Answer: Thank you for suggestion, but in this study two antioxidant activity methods were used according to the applicability of these two methods on fat-soluble polyphenol compounds. As can be seen, the choice of proper AO method is in this case crucial. We are aware that DPPH^• results should be presented as IC₅₀ concentrations, but in our case for better comparison the % of inhibition was more convenient. Please see the text in section 4 (Discussion) for additional explanation of the results.

7.To explain why DPPH and ABTS have opposite experimental results, it is recommended to carefully analyze the components in the extract using HPLC-MS/MS and explain the relevant results through solubility of different phenolic compounds.

Answer: Explanation is given in results.

8.Avoid using Fig.5 but Figure 5 in the manuscript.

Answer: We appreciate such a close look. The correction was made accordingly.

 

Comments on the Quality of English Language

Native speaker and several colleagues who are skilled authors to write the article must read your paper.

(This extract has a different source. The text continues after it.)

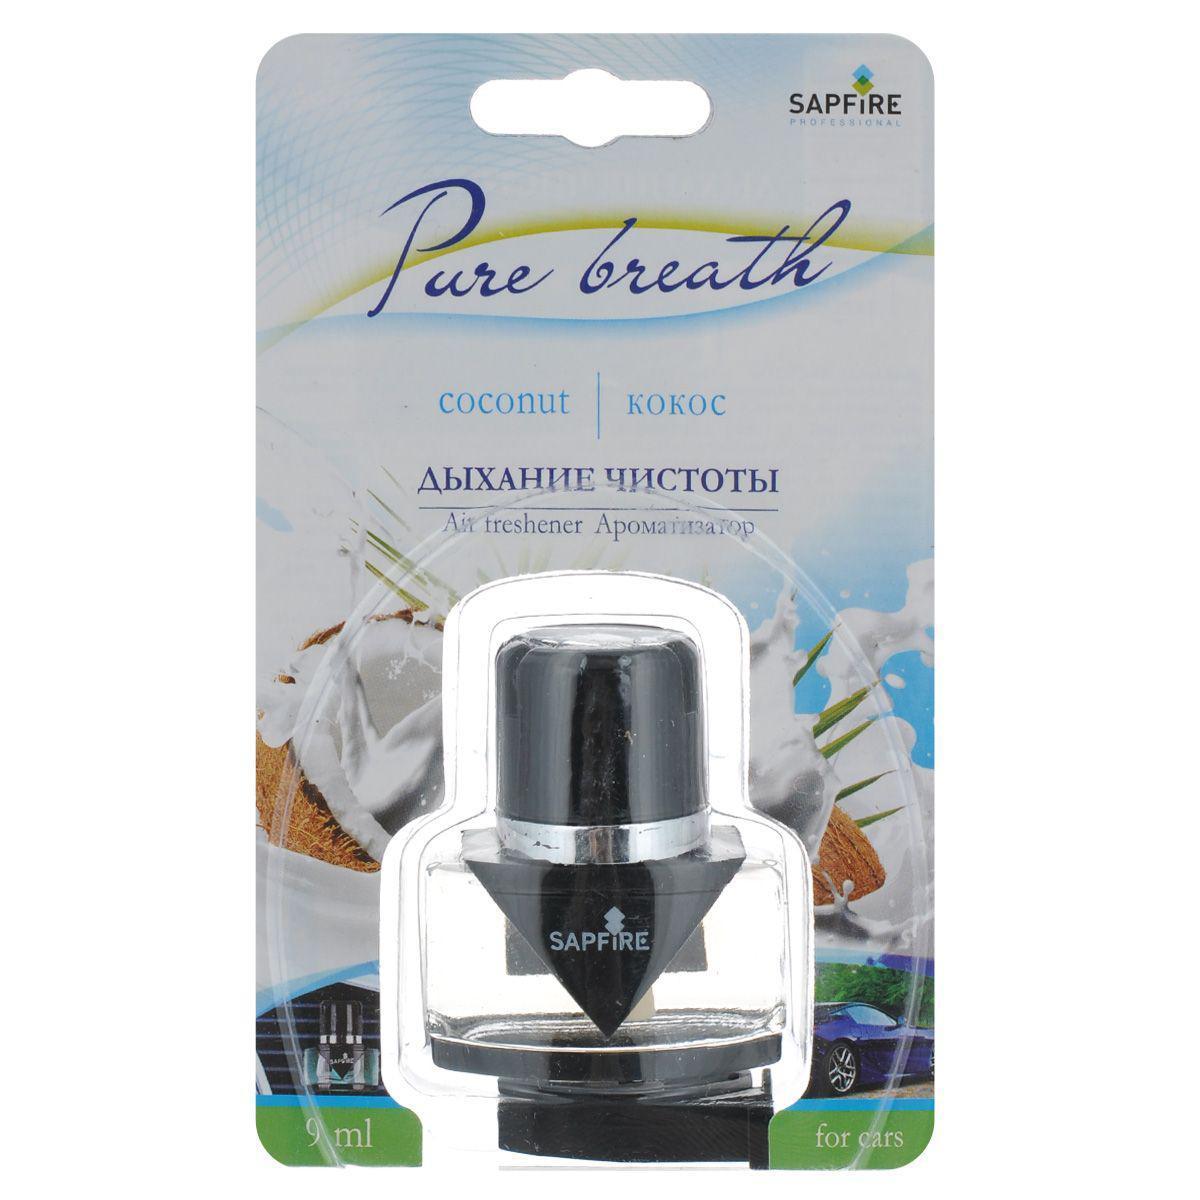 Ароматизатор в дефлектор Sapfire Pure Breath, кокос20012-SATАвтомобильный ароматизатор Sapfire Pure Breath имеет приятный аромат кокоса. Ароматизатор выполнен из пластика и вставляется в дефлектор машины.Pure Breath - новое поколение концентрированных ароматизаторов. Парфюмерная композиция произведена в Японии. Обеспечивает стойкий насыщенный аромат и свежий запах.Состав: пластик, парфюмерная композиция высокой концентрации, стабилизатор. Размер ароматизатора: 5,5 см х 4,5 см х 3 см.

Answer: The manuscript has been now proof - checked by a native speaker.

Round 2

Reviewer 3 Report

Comments and Suggestions for Authors

From the emended article I see that the extraction procedures were repeated in triplicate. This gives more statistical value to the extraction procedures comparison. The article now stands on its own, even if, given the large amount of data on the extraction procedures on Curcuma longa, some perplexities on the novelty of the study still persist.

 

Author Response

After an extensive literature review, including more than 500 scientific original research manuscripts in Web of Sci, the authors concluded that the isolation of bioactive compounds from Curcuma longa is a topic of intense research. However, there is a lack of data on the comparison of different extraction techniques: in particular, most of the techniques used so far require the use of organic solvents. Supercritical extraction, which is described in some manuscripts, is also used, but there is virtually no data comparing the isolation of curcuminoids by different conventional organic solvent extraction methods. In addition, the analytical analysis of curcuminoids is a rather challenging task. Commonly used analytical technique is HIGH PERFORMANCE liquid chromatography combined with MS (9 results). However, this manuscript describes the use of high-performance liquid chromatography coupled to tandem mass spectrometry (HPLC-MS/MS). This method helps to separate the analyte(s) of interest from the components of the matrix, improves sensitivity and imprecision, and increases specificity by separating interferences. Only two results are available in the literature on this topic of curcuminoid analysis by HPLC-MS/MS. Finally, the authors state that there is no evidence of studies comparing different extraction techniques and the analytical performance of extracts by high-performance liquid chromatography coupled to tandem mass spectrometry (HPLC-MS/MS) in the literature. There is also no information on the evaluation of experimental extraction results by statistical analyses.

The following paragraph has been added to the introduction:
The aim of the manuscript is to compare different extraction techniques and the analytical performance of extracts by high-performance liquid chromatography coupled with tandem mass spectrometry (HPLC-MS/MS). In addition, the evaluation of experimental extraction results by statistical analyses were performed.